Franka Lift Cube#

Overview#

This document describes in detail the cube grasping task environment based on the Franka Emika Panda robotic arm.


Environment Description#

The Franka lift cube task environment is built based on the real Franka Emika Panda 7-DOF robotic arm, designed to train robots to grasp a cube on a table and lift it to a specified target position.

Robot Structure#

Franka Emika Panda is a 7-DOF robotic arm composed of the following main parts:

  • Base: Robot base fixed to the table

  • 7 Joints:

    • joint1 ~ joint4: Shoulder and arm rotation joints

    • joint5 ~ joint7: Wrist rotation joints

  • Gripper: Two-finger gripper, containing two finger joints

    • finger_joint1: Left finger joint

    • finger_joint2: Right finger joint

  • End Effector (TCP): Center point of gripper, used for grasping operations

Task Objective#

The robot needs to complete the following operation objectives:

  1. Approach Target: Move from initial position to cube position

  2. Grasp Cube: Close gripper to grasp cube

  3. Lift Cube: Lift cube to target height

  4. Precise Positioning: Move cube to specified target position (XYZ 3D coordinates)

The environment provides visualization aids:

  • Cube: Red cube that can be grasped, initially at random position on table

  • Target Position: 3D position where the cube should finally reach


Action Space#

The action space is Box(-inf, inf, (8,), float32), representing position control commands applied to 8 joints (offsets relative to current joint positions).

Control Mode#

The environment uses position control mode.

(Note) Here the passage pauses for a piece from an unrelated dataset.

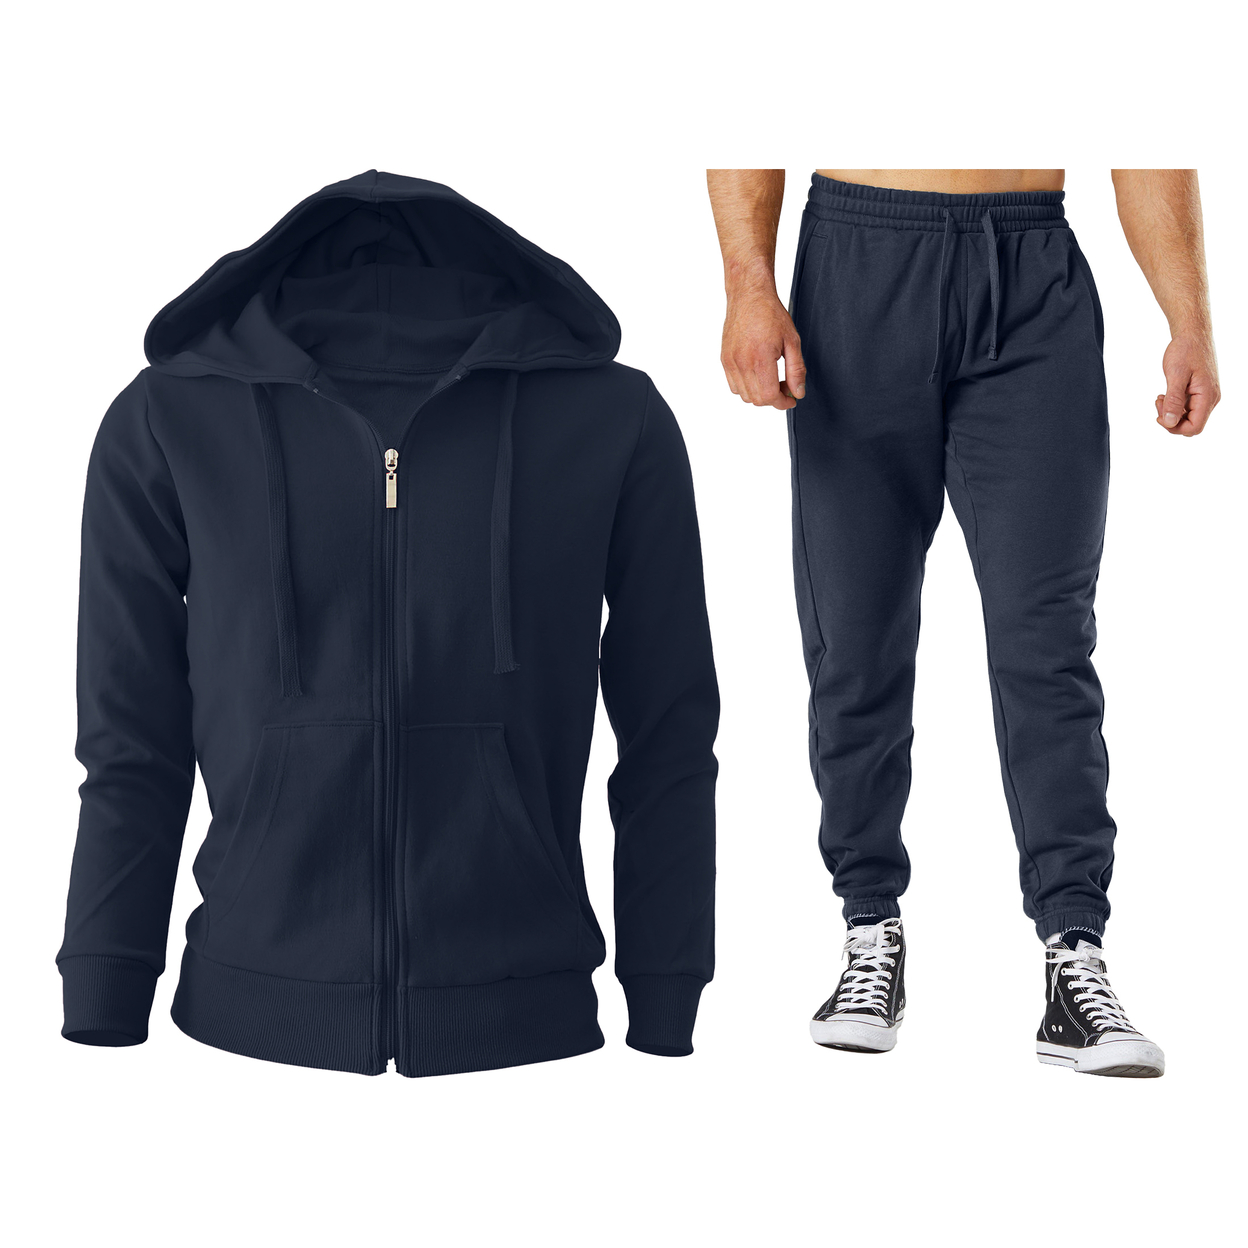 2-Piece: Men's Winter Warm Cozy Athletic Multi-Pockets BIG & TALL Sweatsuit Set - Black, Large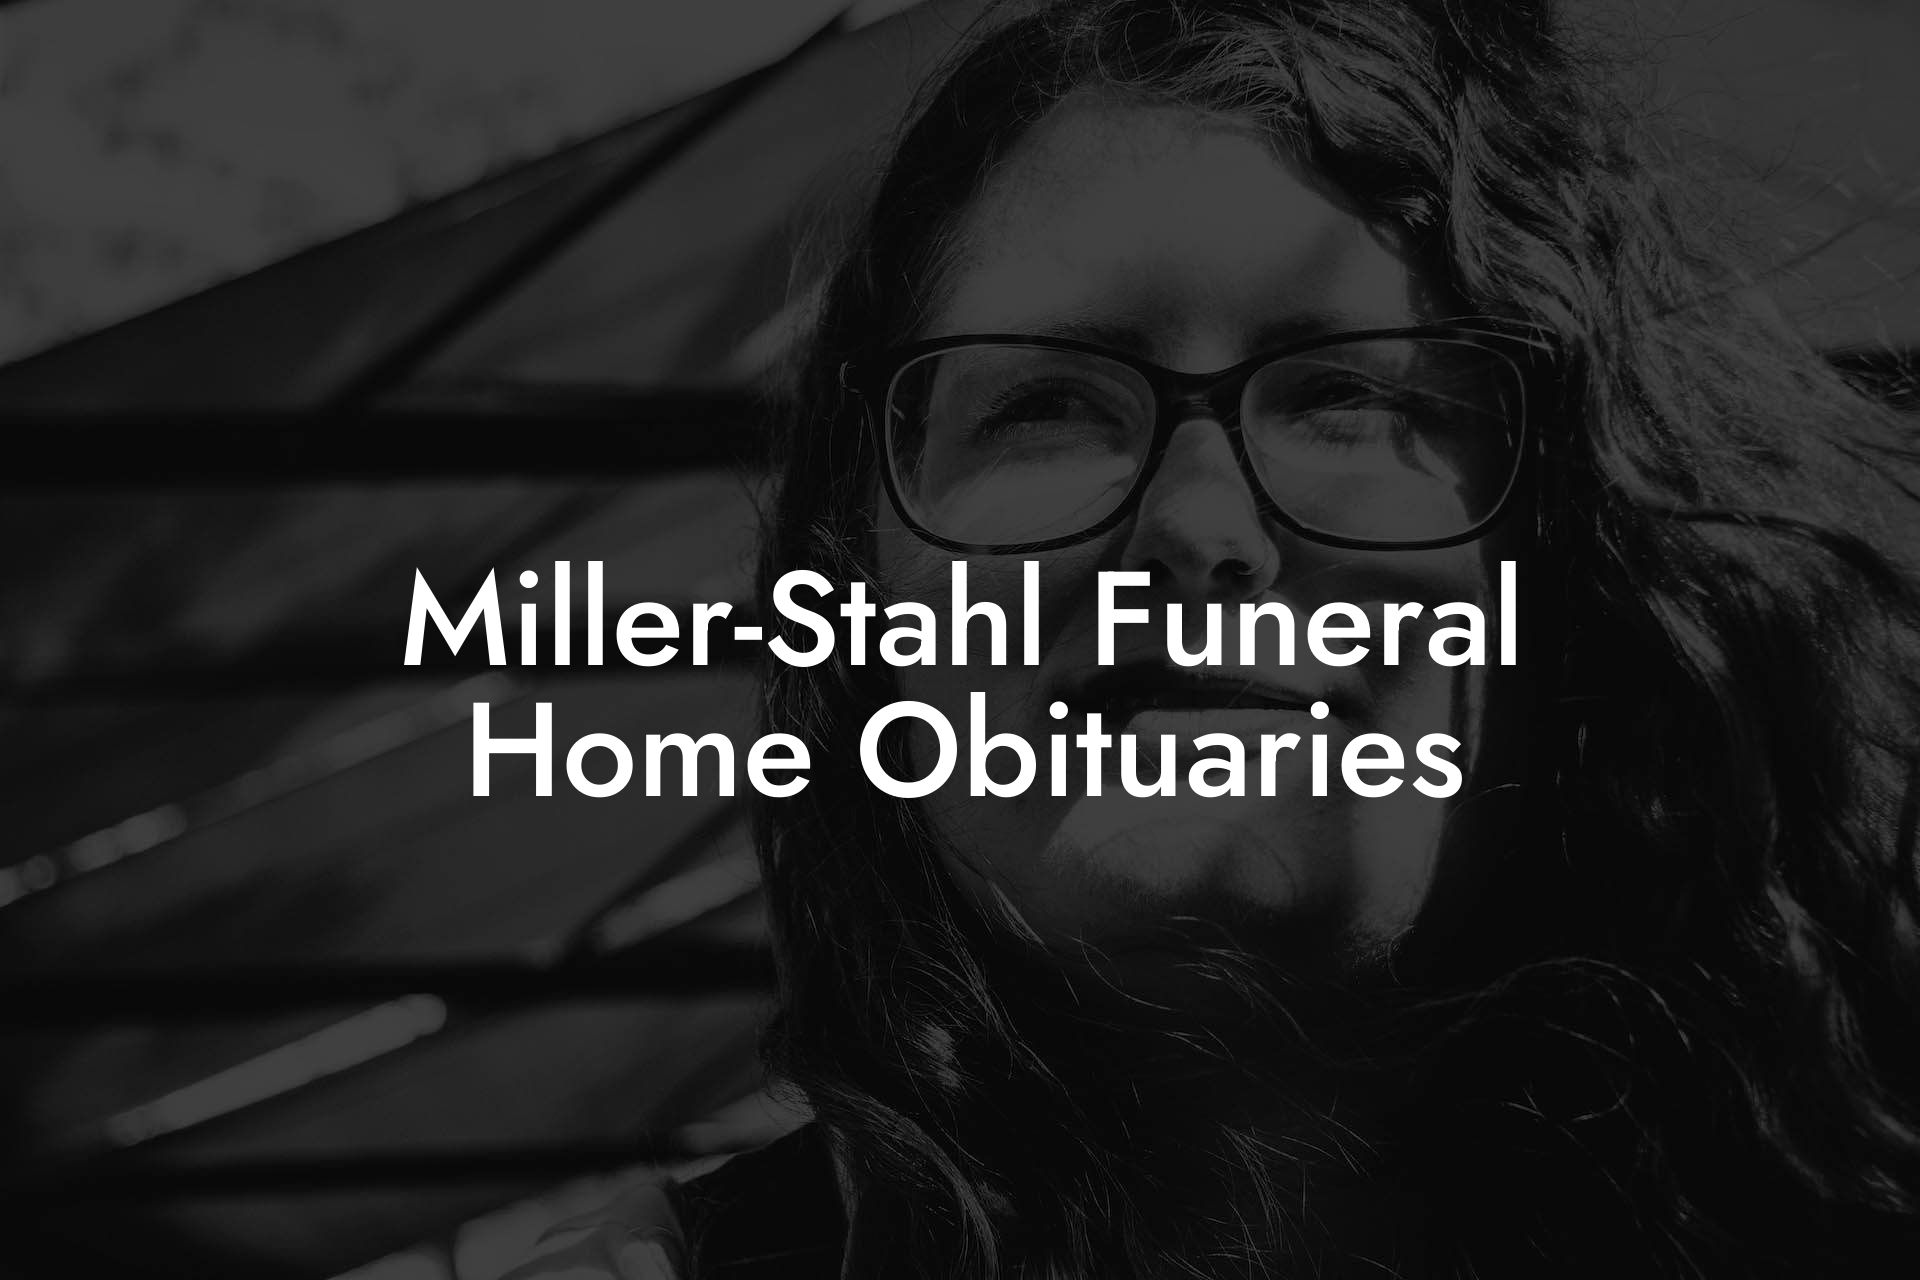 Miller-Stahl Funeral Home Obituaries

Actions are converted to joint target positions as follows:

Target Joint Angle = Current Joint Angle + Action Value

Action Dimension Details#

Index

Action Description

Control Range

Joint Name

Joint Type

0

Joint 1 Offset

-inf ~ inf

joint1

revolve

1

Joint 2 Offset

-inf ~ inf

joint2

hinge

2

Joint 3 Offset

-inf ~ inf

joint3

hinge

3

Joint 4 Offset

-inf ~ inf

joint4

hinge

4

Joint 5 Offset

-inf ~ inf

joint5

hinge

5

Joint 6 Offset

-inf ~ inf

joint6

hinge

6

Joint 7 Offset

-inf ~ inf

joint7

hinge

7

Gripper Action (Prob)

-inf ~ inf

finger_joint*

hinge

Gripper Control#

The gripper action uses probabilistic control:

  1. Sigmoid Mapping: Map action value to probability in [0, 1] interval

p = 1 / (1 + exp(-action))
  1. Bernoulli Sampling: Random sampling based on probability p

  • Sample result < p: Gripper closes (0.0)

  • Sample result >= p: Gripper opens (0.04)

Joint Position Limits#

All joint positions are clamped to the following ranges after execution:

Joint

Min

Max

1

-2.8973

2.8973

2

-1.7628

1.7628

3

-2.8973

2.8973

4

-3.0718

-0.0698

5

-2.8973

2.8973

6

-0.0175

3.7525

7

-π/2

π/2

Gripper

0

0.04


Observation Space#

The observation space is Box(-inf, inf, (36,), float32), containing the robot’s proprioceptive information, object state, and action history.

Observation Components#

The observation vector consists of the following parts (in order):

  1. Joint Angles (9 dimensions)

  • 7 robot arm joint angle offsets relative to default pose

  • 2 gripper joint angles

  1. Joint Velocities (9 dimensions)

  • Angular velocities of 9 joints

  1. Cube Current Pose (9 dimensions)

  • Position (3 dim): [x, y, z]

  • Quaternion (4 dim): [qx, qy, qz, qw]

  • Rotation (Euler, 2 dim): [roll, pitch]

  1. Target Position Command (7 dimensions)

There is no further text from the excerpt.